Nurse Shortage Trends

Posted by Wilson Nunnari

Fri, May 04, 2012 @ 01:47 PM

Adapated from a WBUR radio series. Links to Audio can be found below.

 

America's nursing shortage has been compared to a perfect storm gathering in intensity. In just over a decade nearly 80 million baby boomers will be in or reaching retirement, their medical needs placing an immense strain on our health care system. Nurses themselves will be leaving the profession and a younger generation of nurses will not be trained in enough numbers to fill the growing needs of hospitals and patients.

In "Nursing a Shortage: Inside Out," WBUR Special correspondent Rachel Gotbaum reports on how the shortage has come about and why it matters for nurses, hospitals and patients alike. She takes us into hospitals where the longest running nursing shortage in history is already impacting care. She reports on the roots of the problem that encompass not just the changing career choices for young women, the out-dated image of nursing but also the serious difficulties faced by nursing schools trying to find nurse-educators.

Nurses explain the effect of the shortage on their care of patients and how it is influencing their commitment to the profession and whether they stay or leave. Hospital administrators describe what they need to do to recruit and retain nurses in this competitive market , and Gotbaum reports on the growing tensions over whether mandating nurse-patient ratios is an answer to the problem or an impediment.
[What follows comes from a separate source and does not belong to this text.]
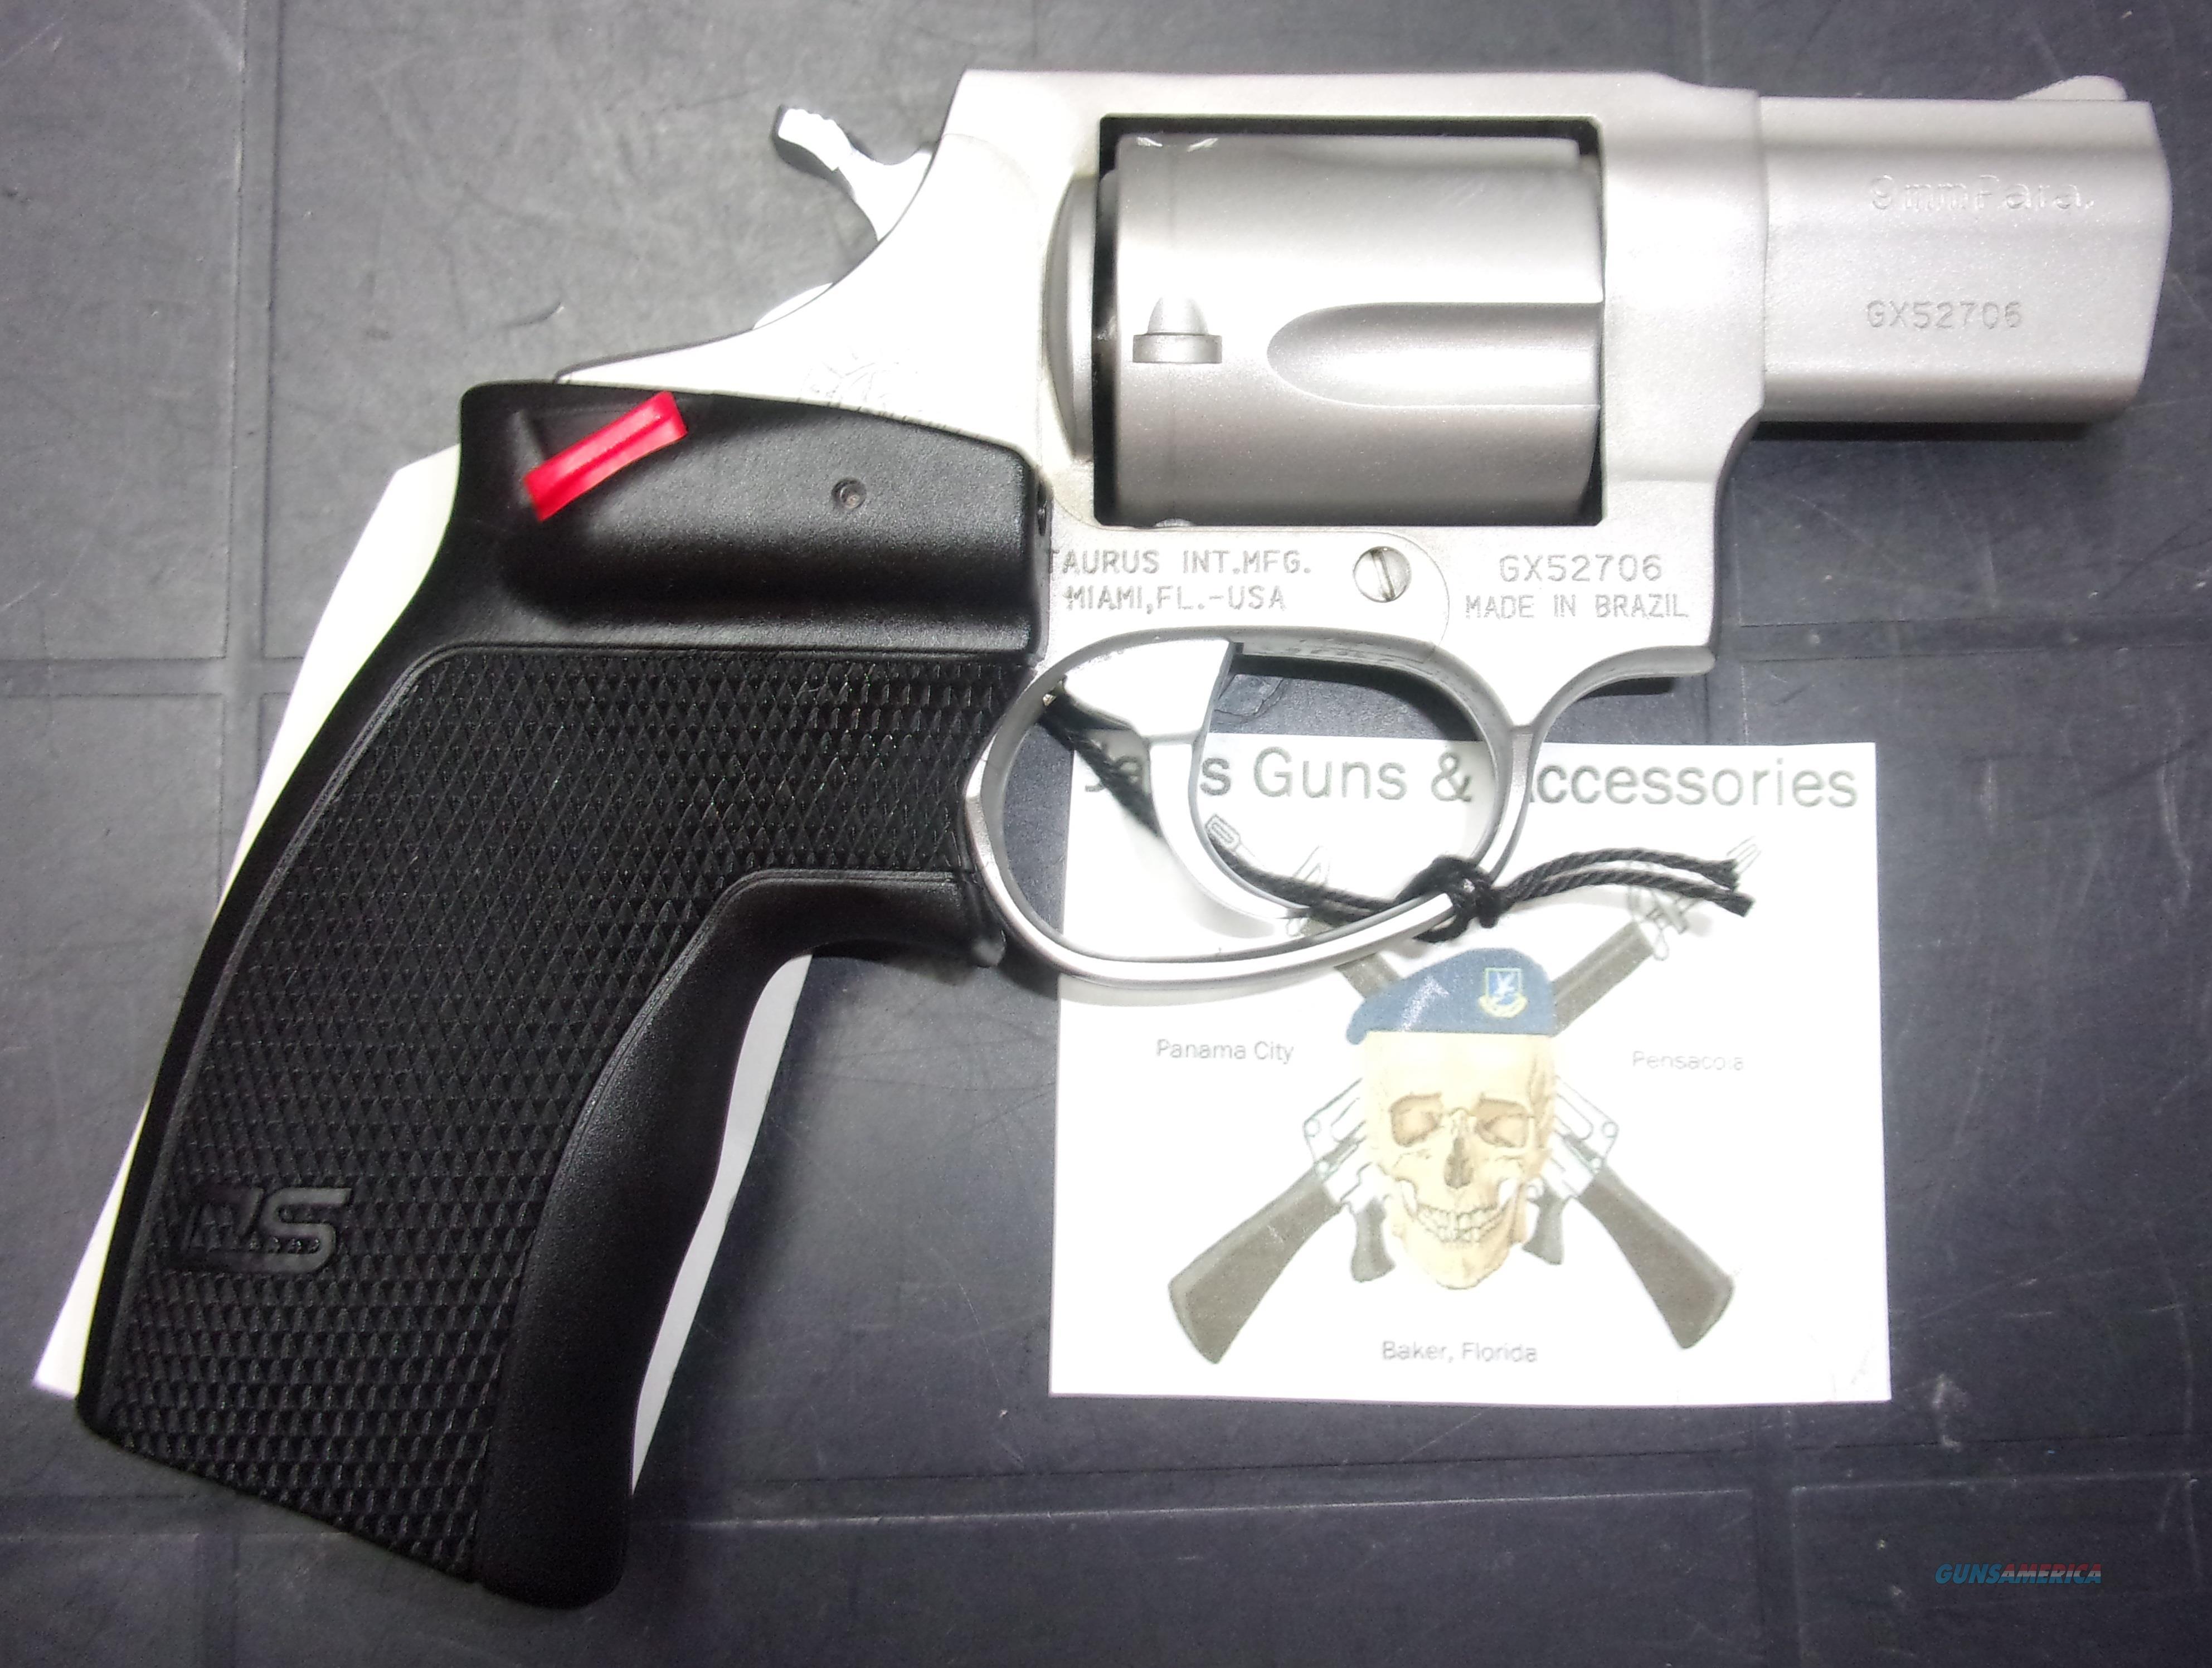 Taurus 905 w/Laser  Guns > Pistols > Taurus Pistols > Revolvers
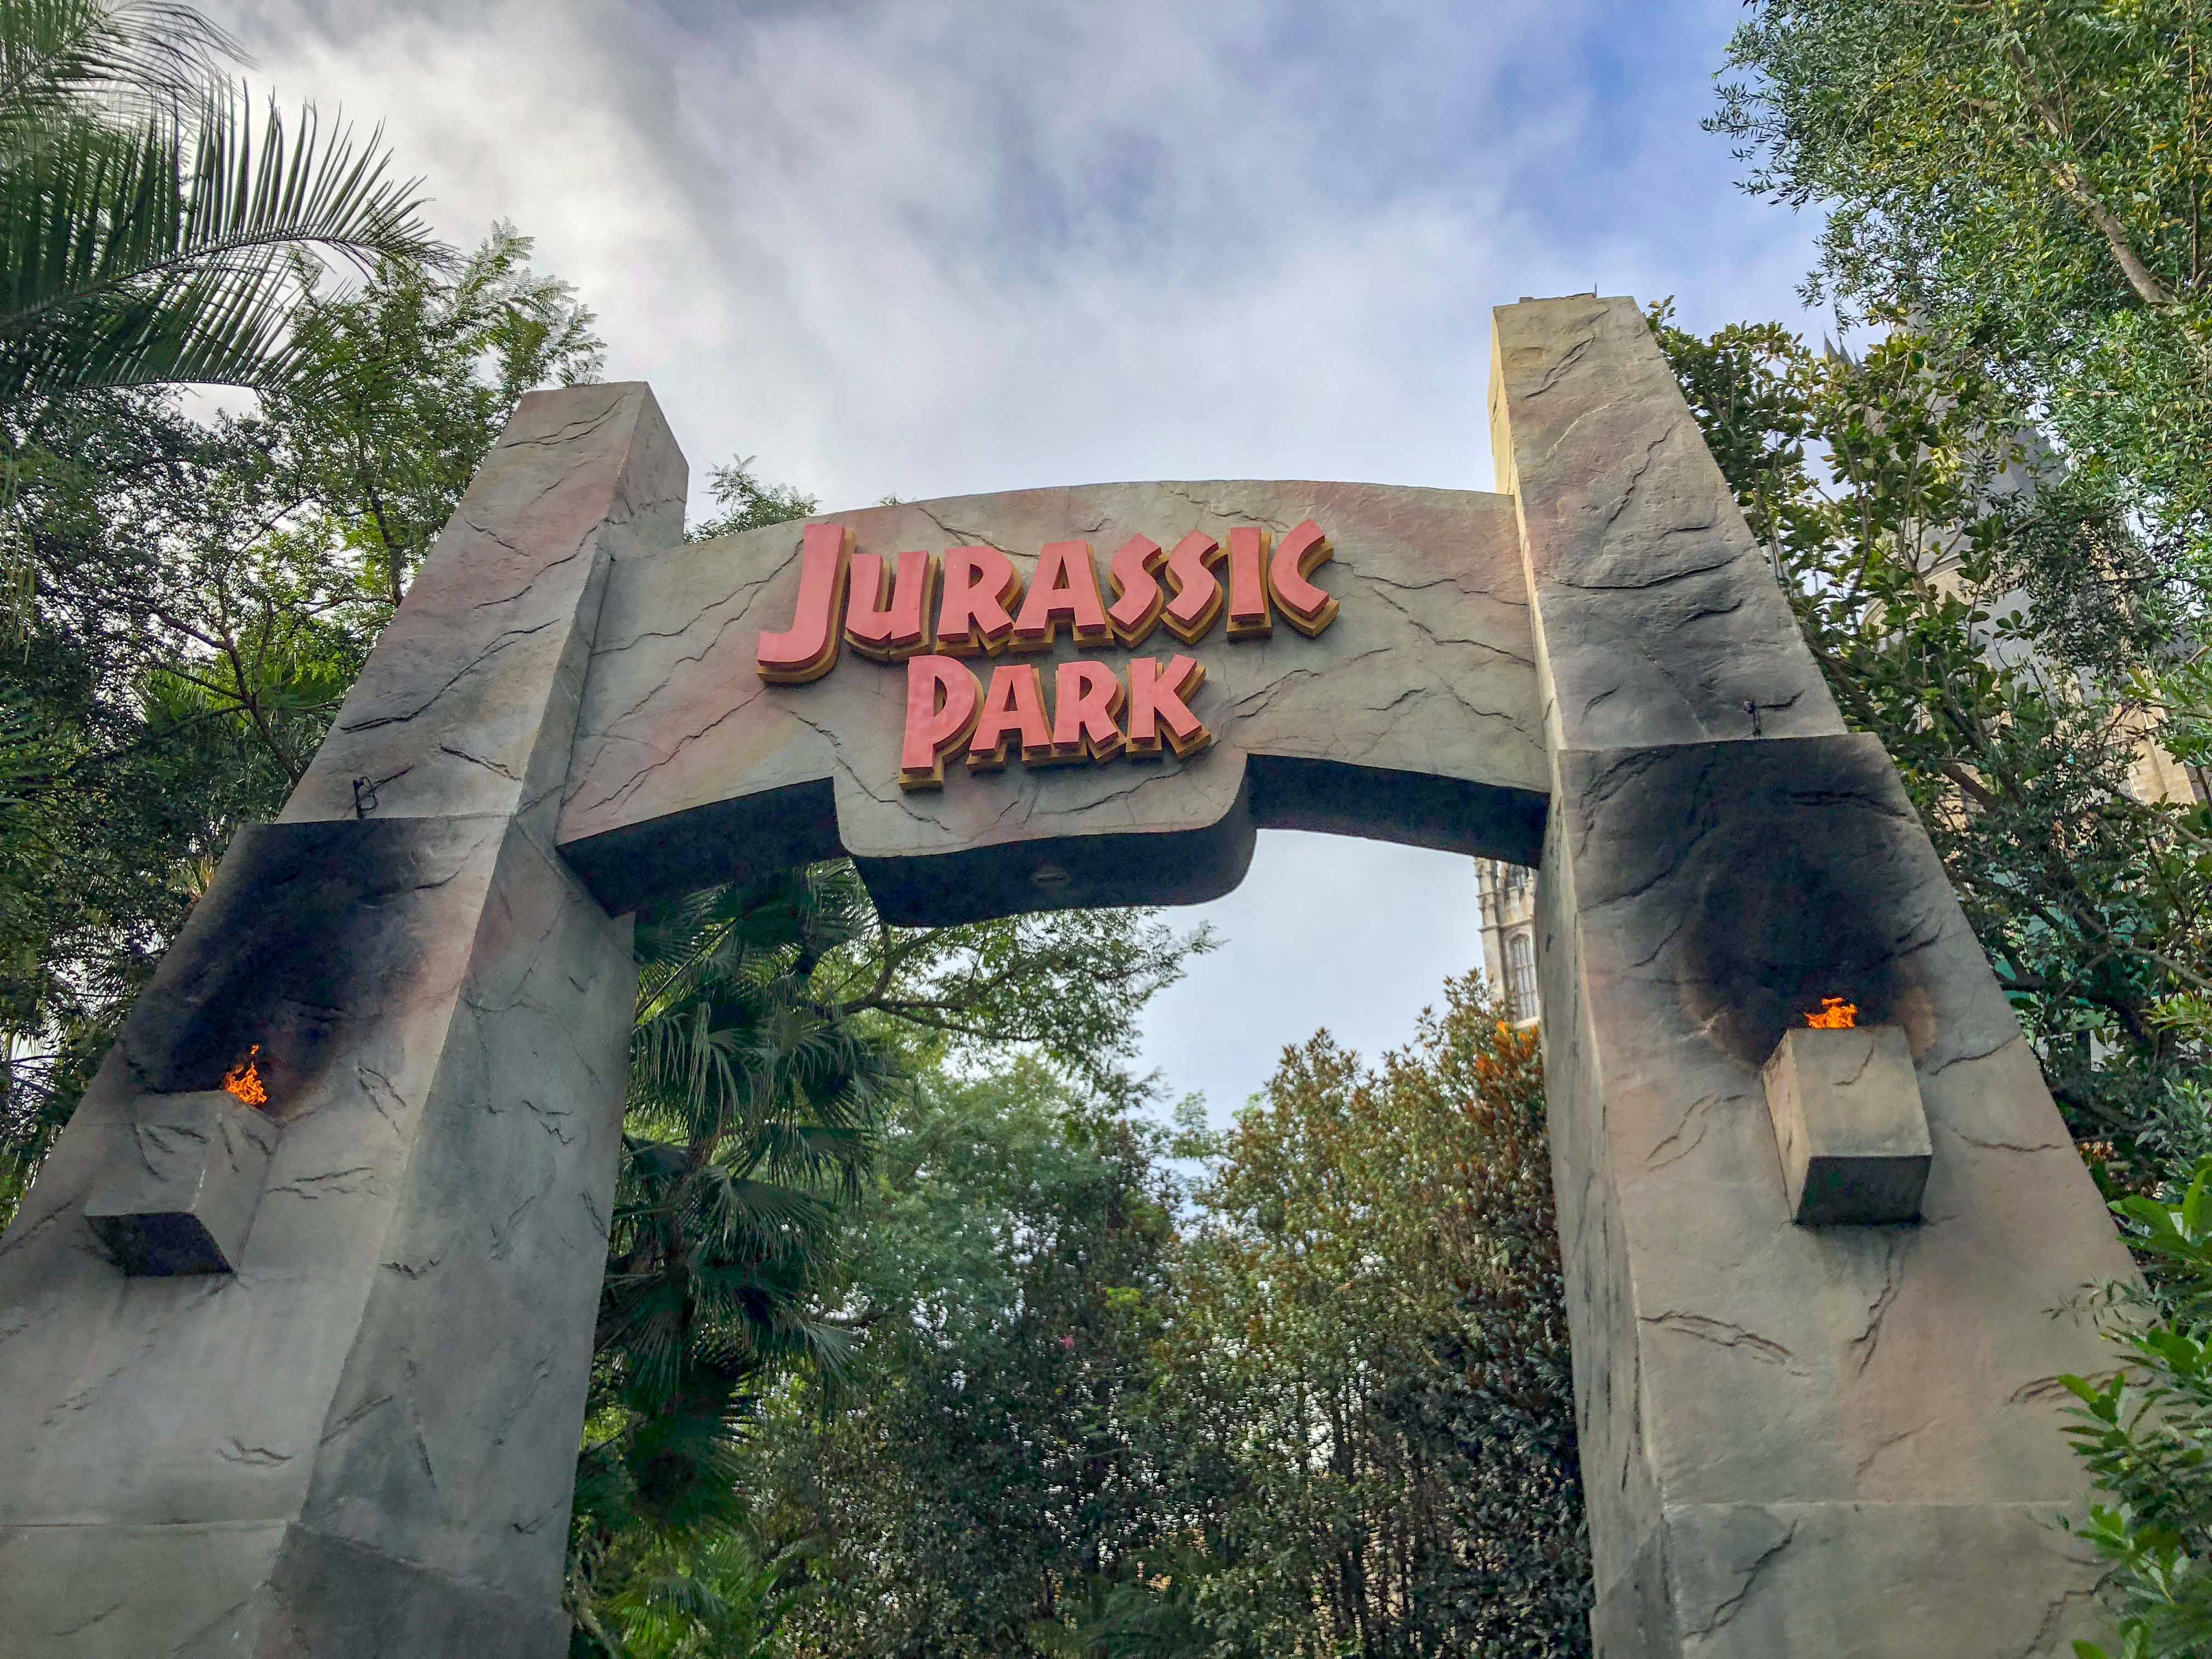 Jurrasic Park Gate Universal Islands Adventure Orlando

There have been shortages of nurses in this country since the 1960's but they have always resolved themselves fairly quickly. This nursing shortage began in 1998. Although it has been slightly alleviated it is expected to get worse when considering the increased retirement rates expected in coming years.

80 million baby boomers are slated to retire in the next decade and they will need a lot more medical care. At the same time many experienced nurses will be leaving the profession. The shortage began after managed care ushered in an era of cost cutting in the early 1990s. Nurses were replaced by lesser skilled workers. In Massachusetts 27 percent of hospital nurses were laid off, the largest number in the country. The profession became unattractive to women who began to have many other career choices. But as nurses left the workforce, studies showed that patient care suffered. One study published in the Journal of the American Medical Association found that patients whose nurse cares for 8 or more people have a 30 percent greater chance of dying than if their nurse cares for four patients. The same nurses are also more likely to be burnt out and dissatisfied with their jobs.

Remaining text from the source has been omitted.